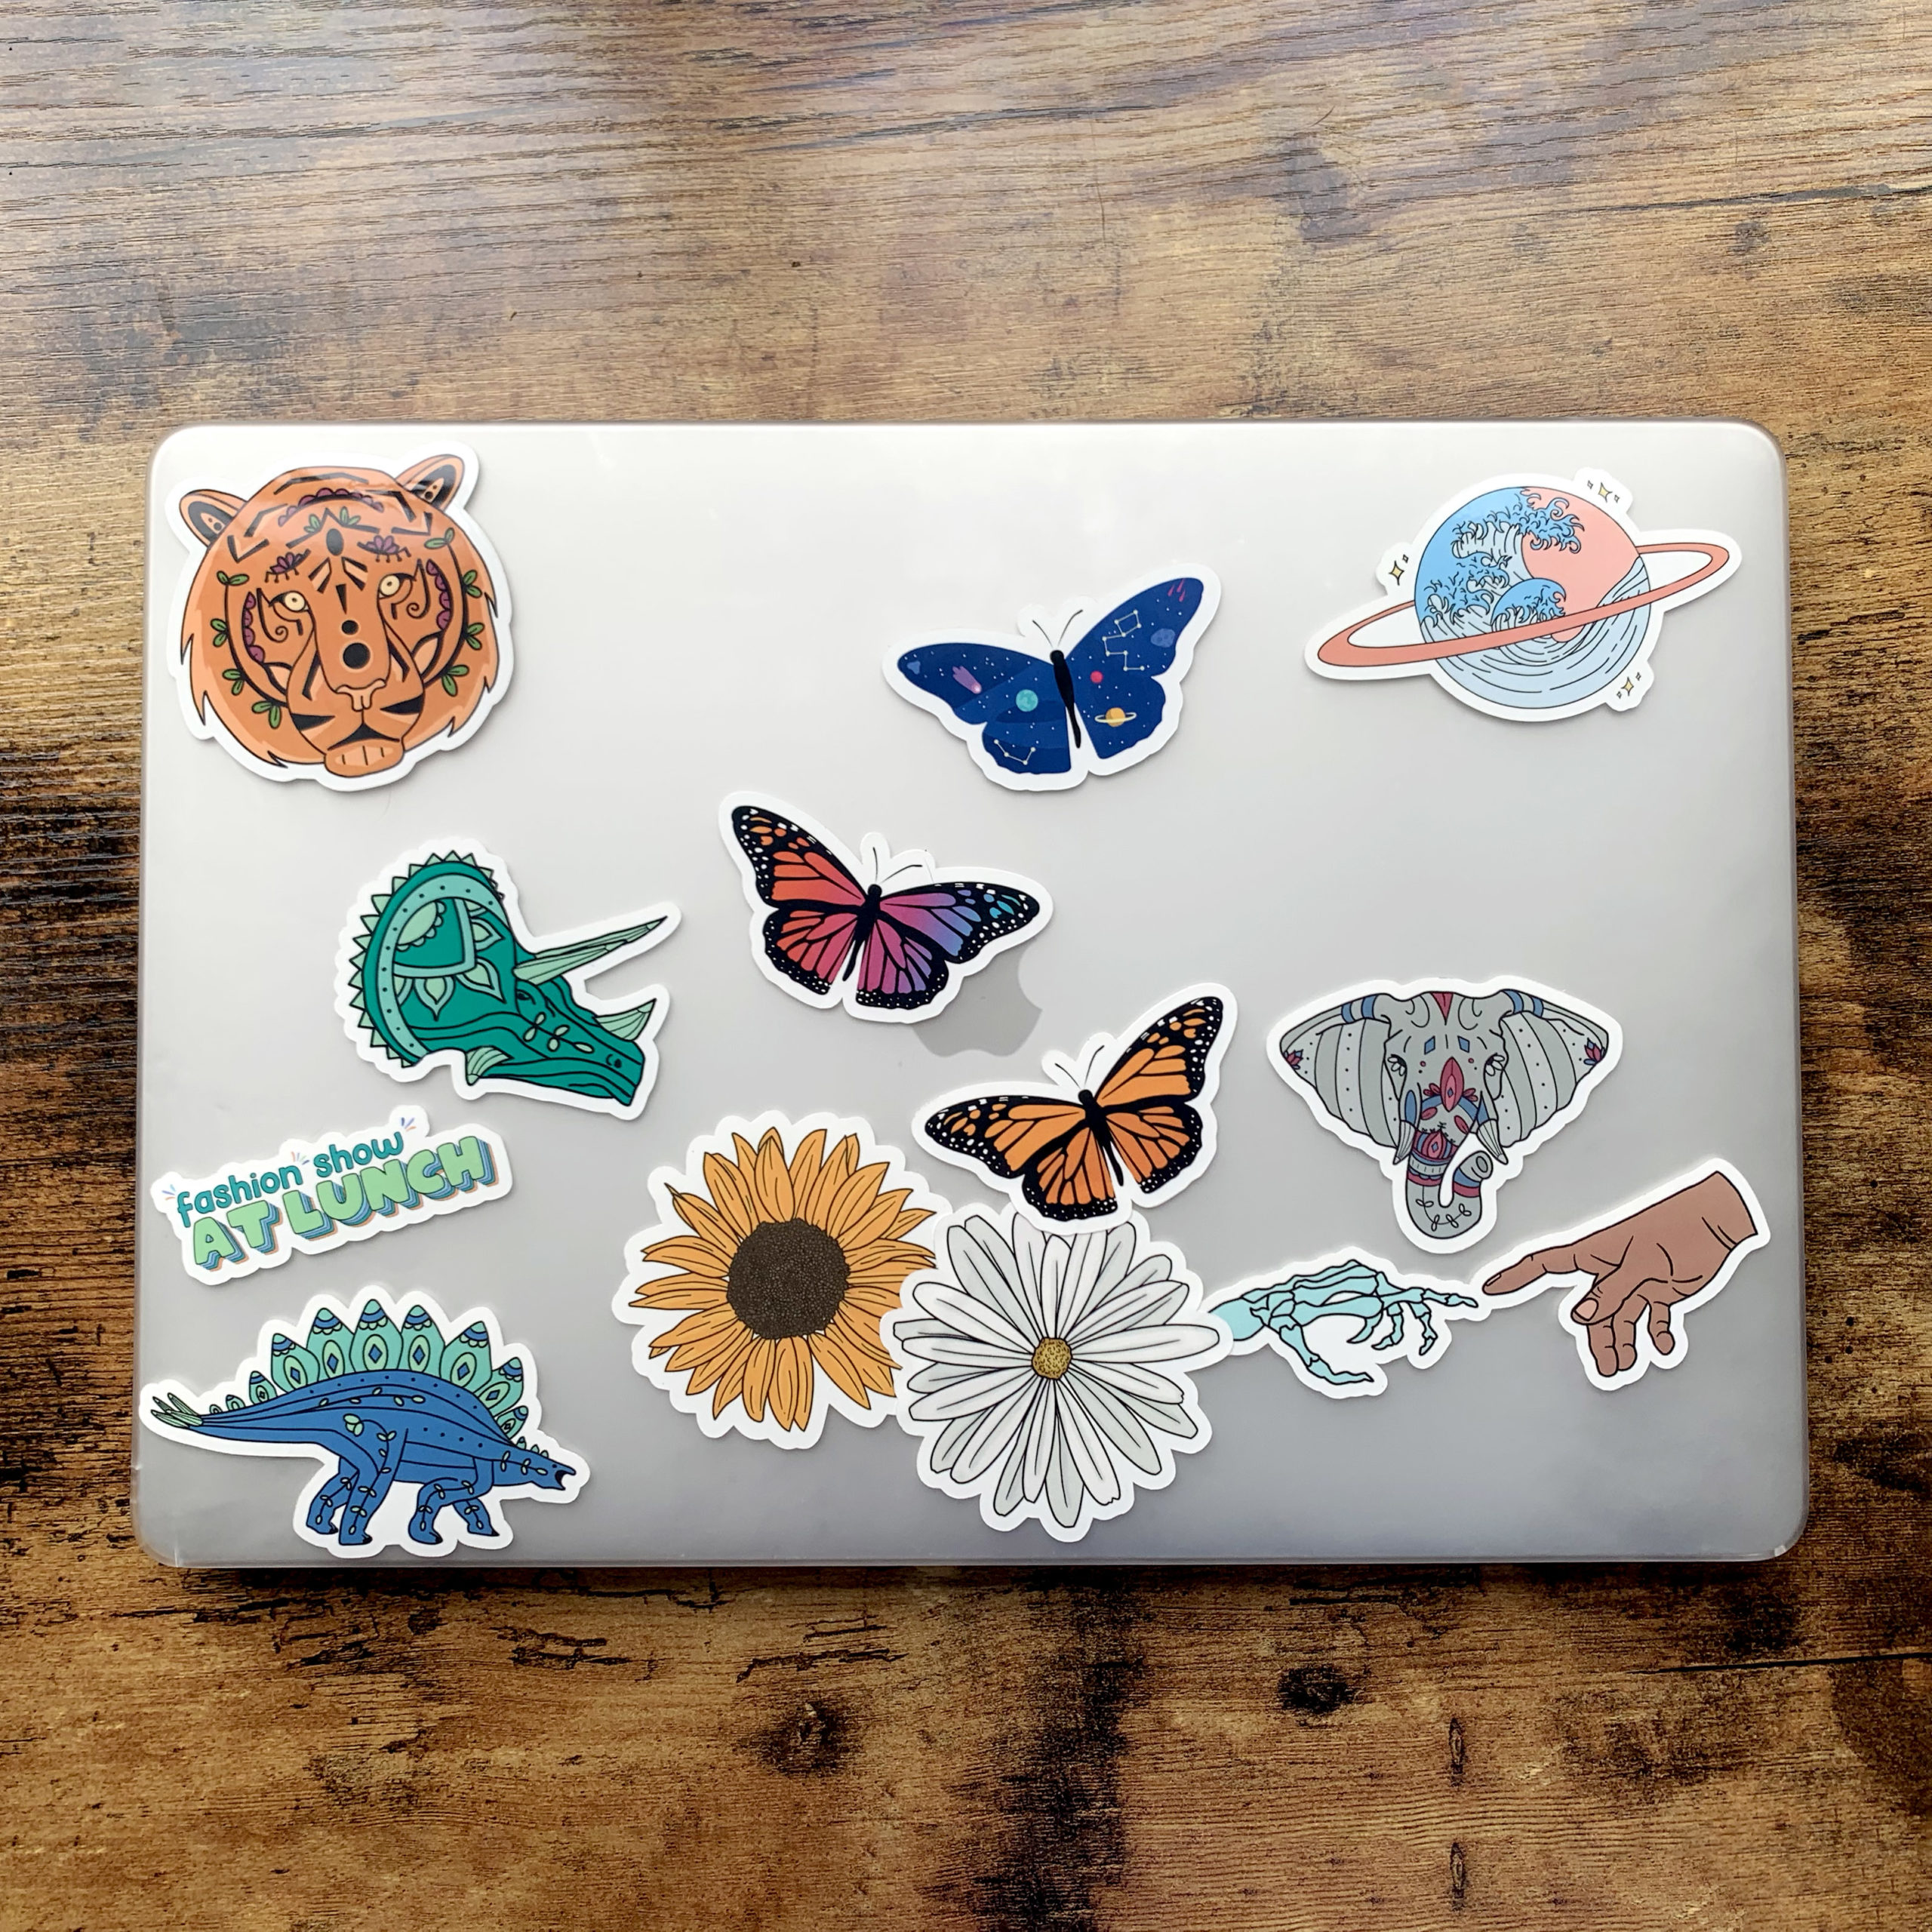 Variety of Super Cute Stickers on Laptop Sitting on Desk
★ ★ ★ ★ ★
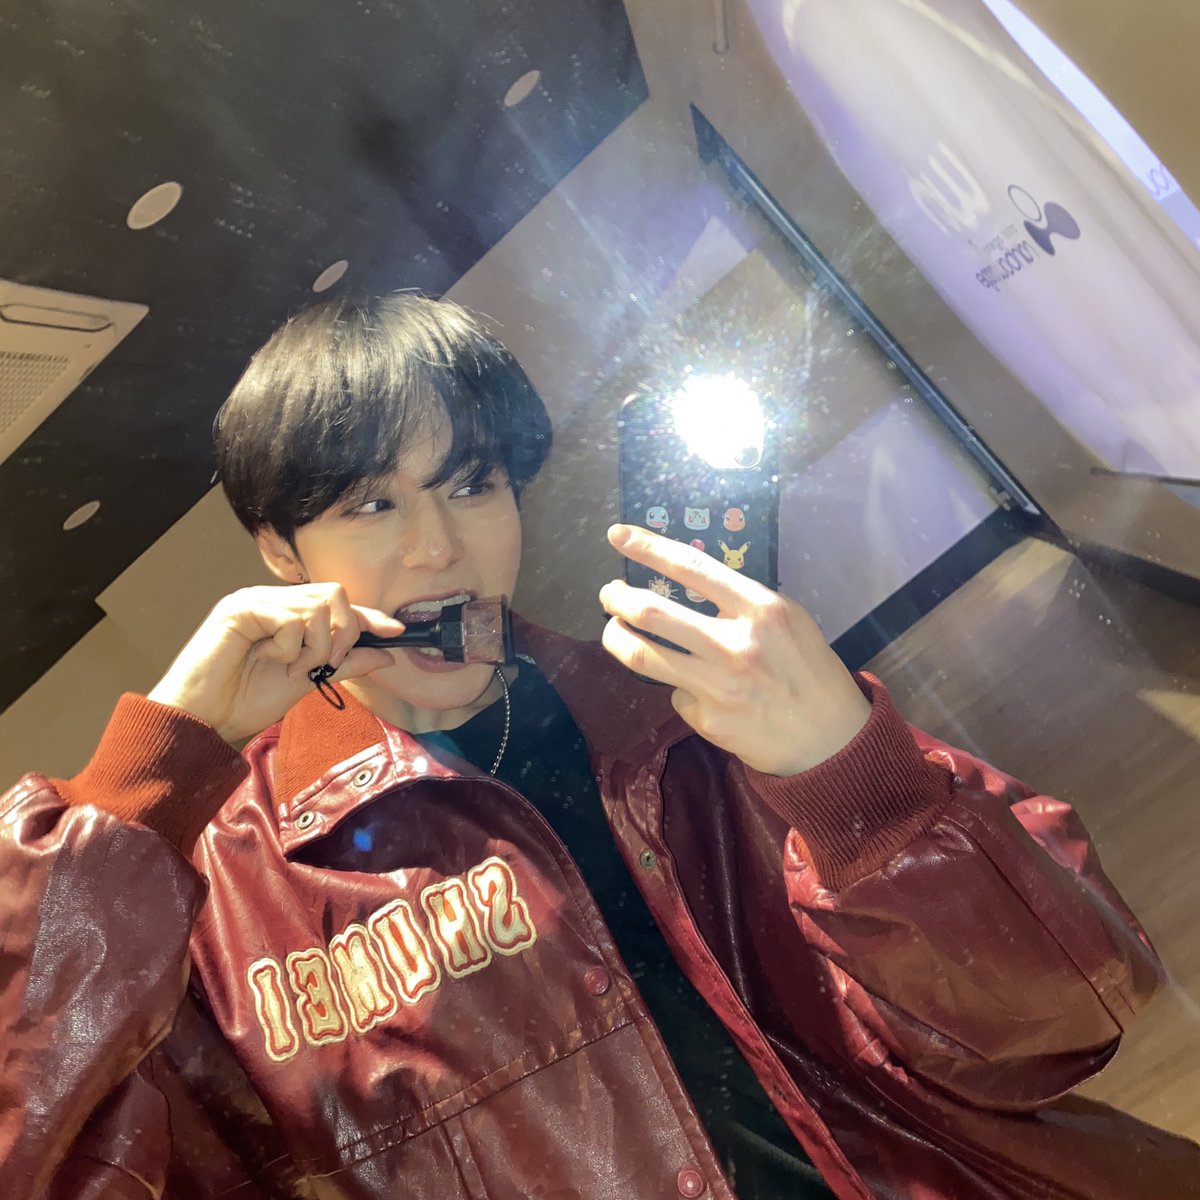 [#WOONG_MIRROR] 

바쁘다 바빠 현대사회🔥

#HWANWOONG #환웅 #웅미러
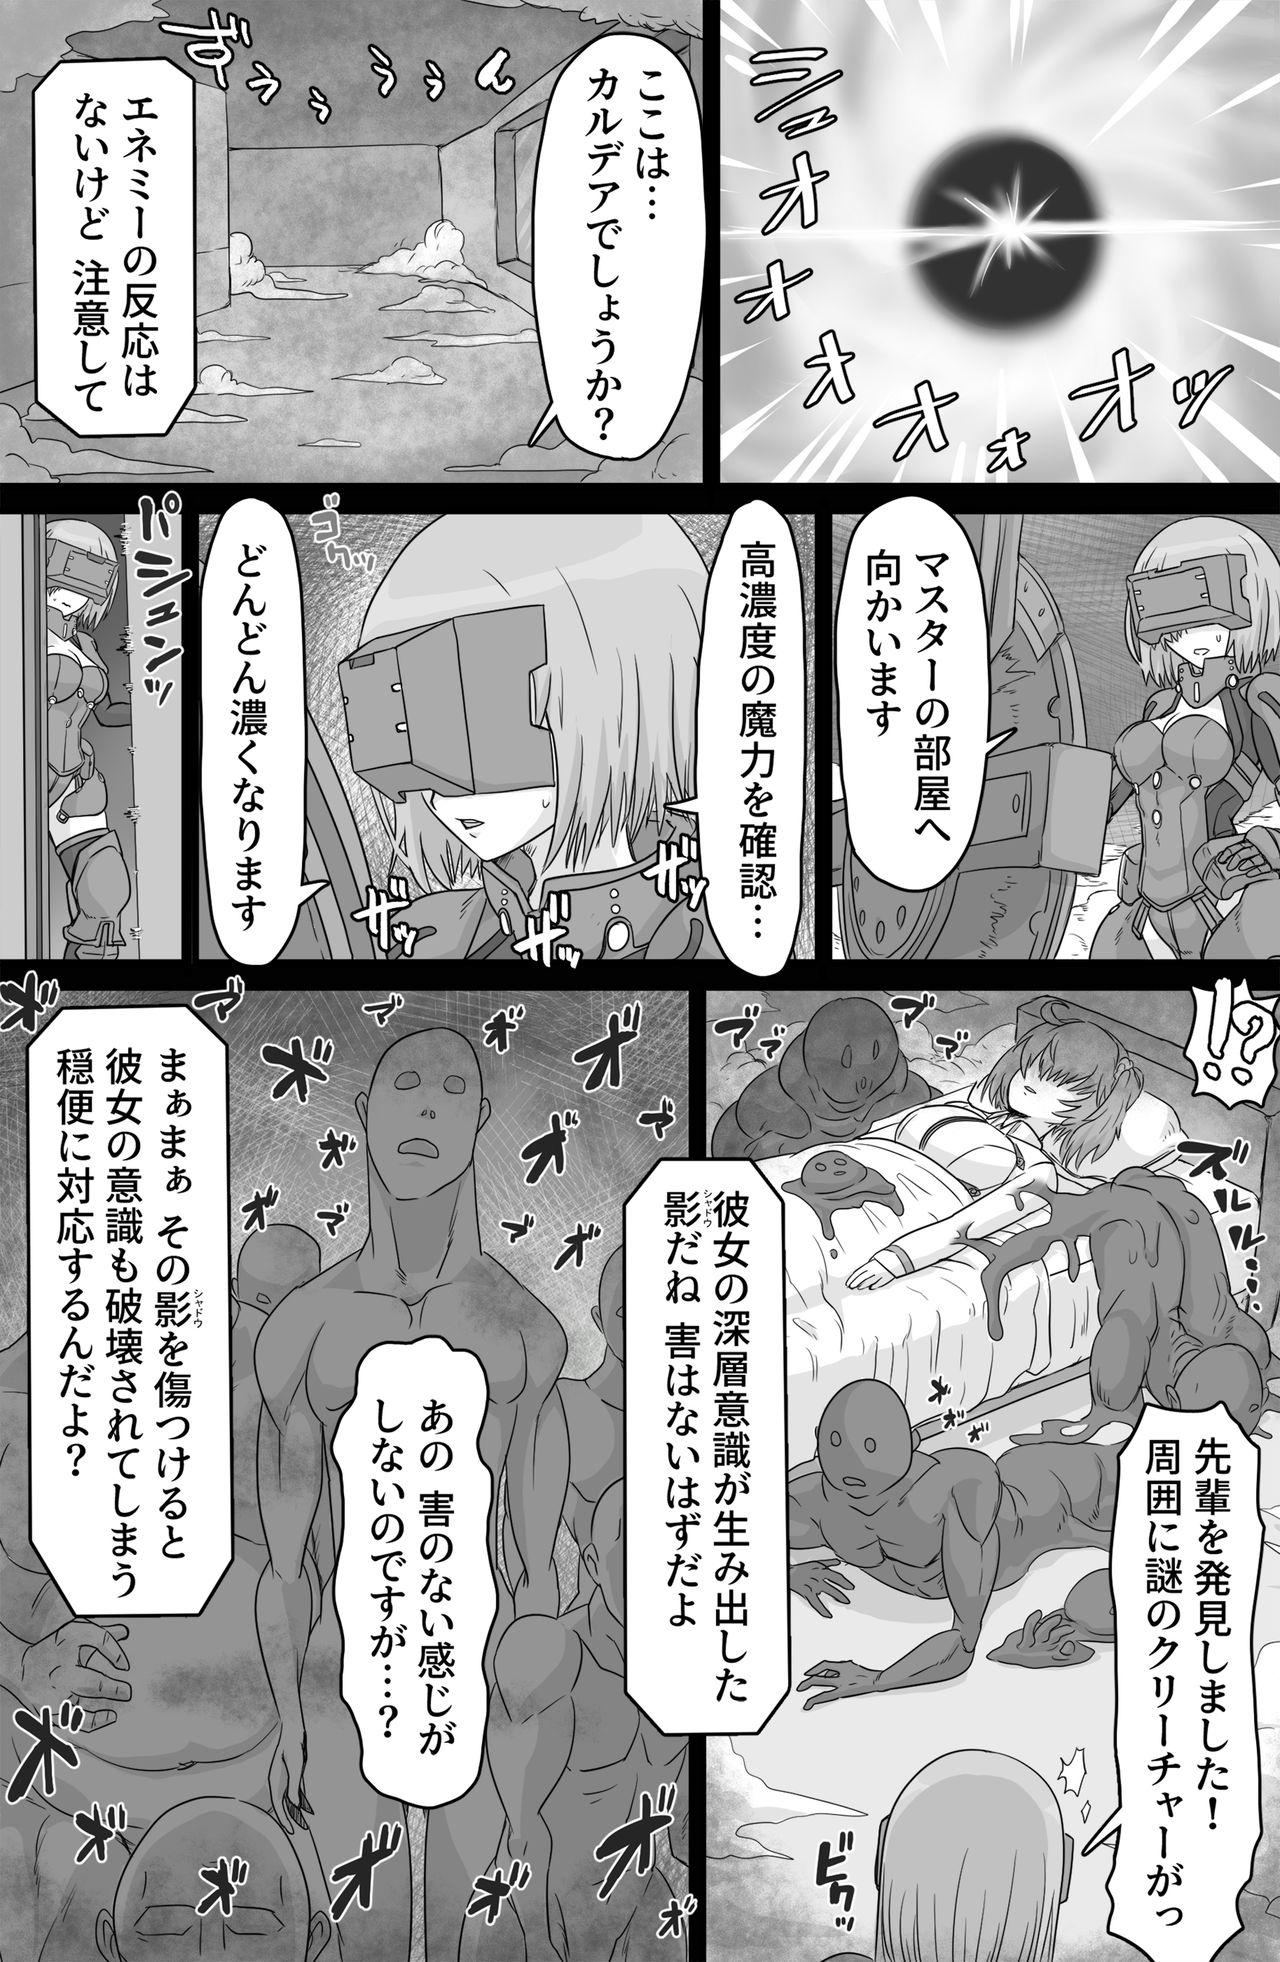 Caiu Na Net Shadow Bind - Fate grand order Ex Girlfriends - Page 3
★ ★ ★ ★ ★
Both boundary lines included, write out word for word only the lines above from the one containing "[#WOONG_MIRROR]" to the one containing "Caiu Na Net", leaving out any pictures.

**Your solution**
 [#WOONG_MIRROR] 

바쁘다 바빠 현대사회🔥

#HWANWOONG #환웅 #웅미러
 Caiu Na Net Shadow Bind - Fate grand order Ex Girlfriends - Page 3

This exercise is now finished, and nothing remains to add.